**TASK BRIEF:** The listing below should be printed again word for word, without any images.

**DATA EXCERPT:**
....

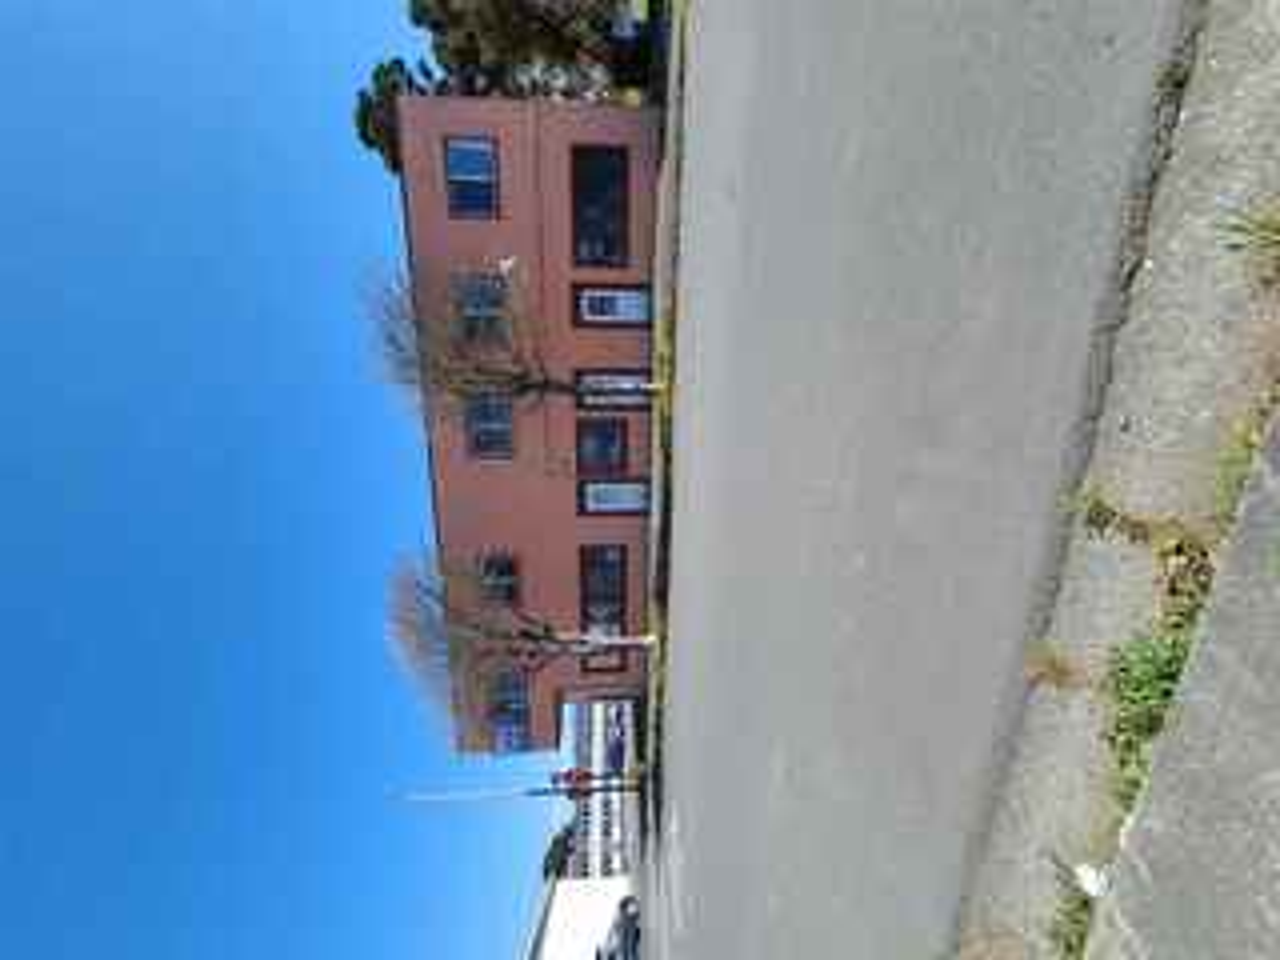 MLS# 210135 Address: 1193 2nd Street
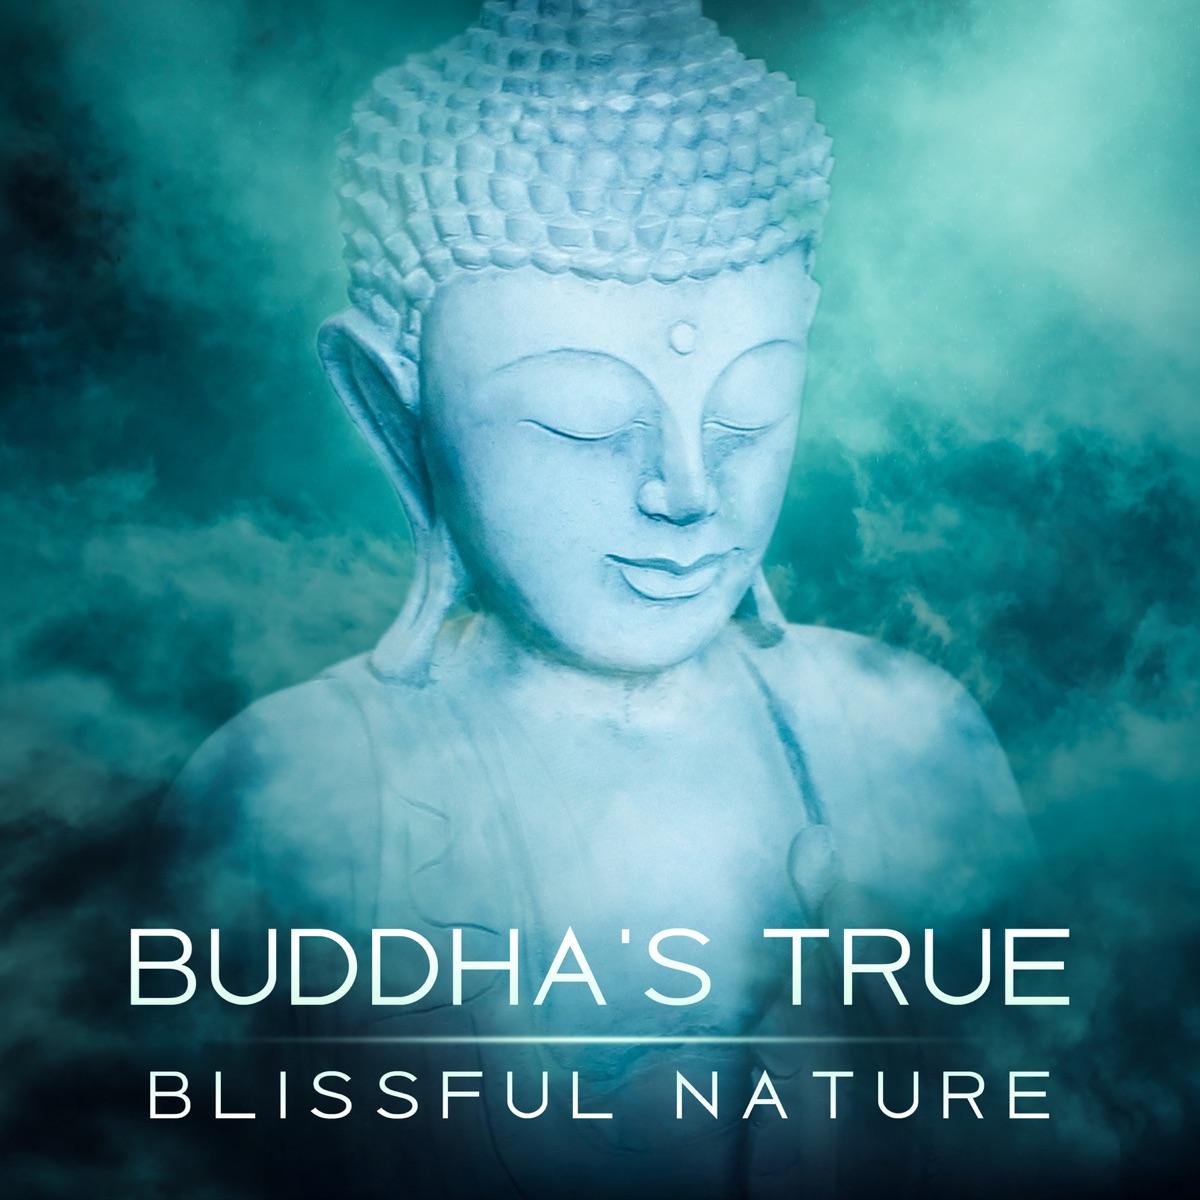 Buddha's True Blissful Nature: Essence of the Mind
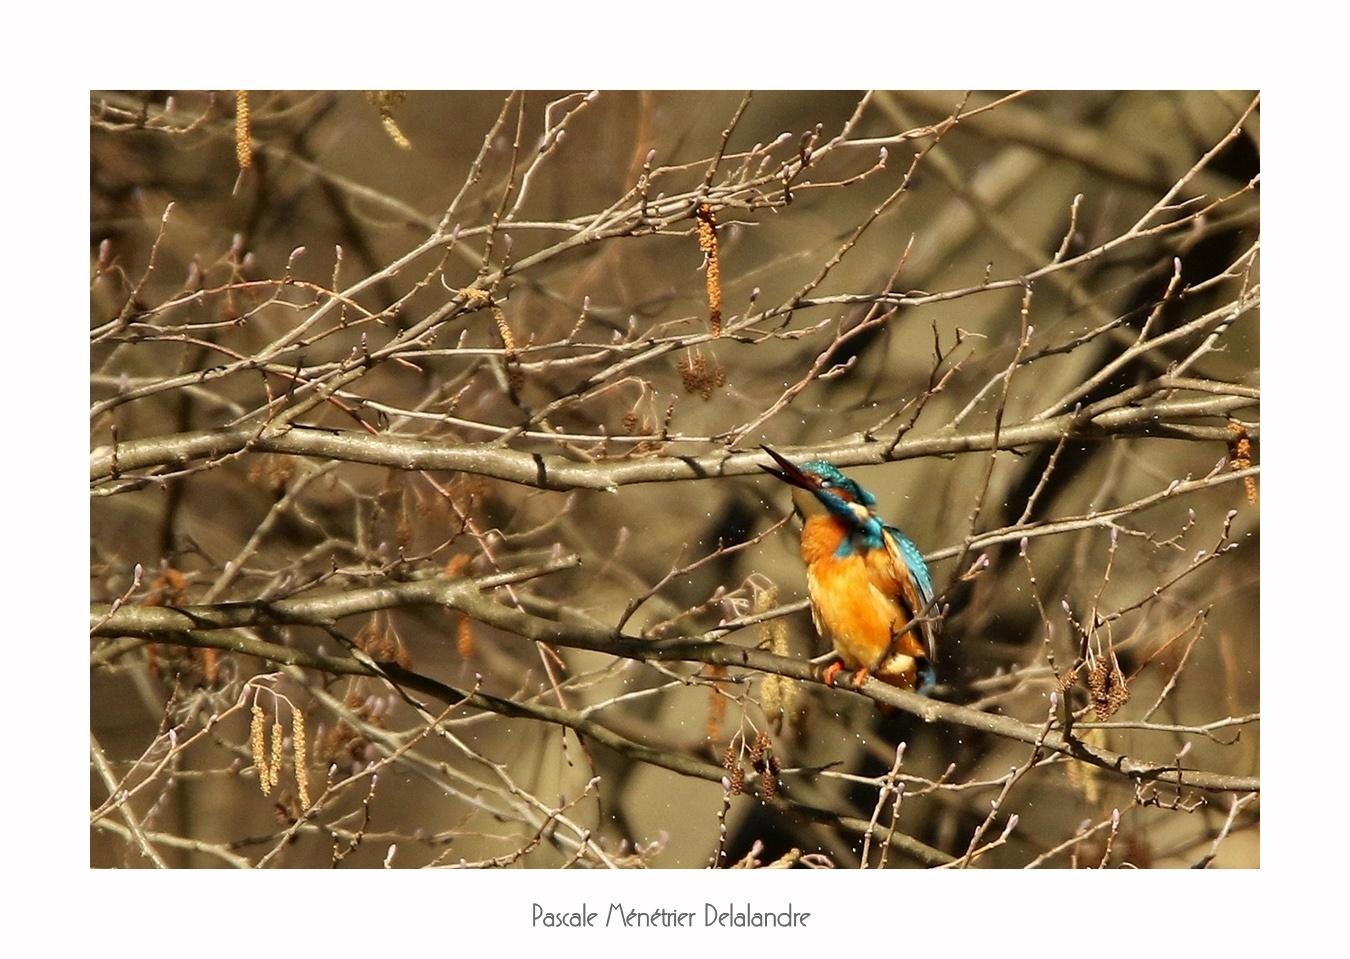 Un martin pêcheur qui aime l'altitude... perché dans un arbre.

....

**WRITTEN REPLY:**
 MLS# 210135 Address: 1193 2nd Street
 Buddha's True Blissful Nature: Essence of the Mind
 Un martin pêcheur qui aime l'altitude... perché dans un arbre.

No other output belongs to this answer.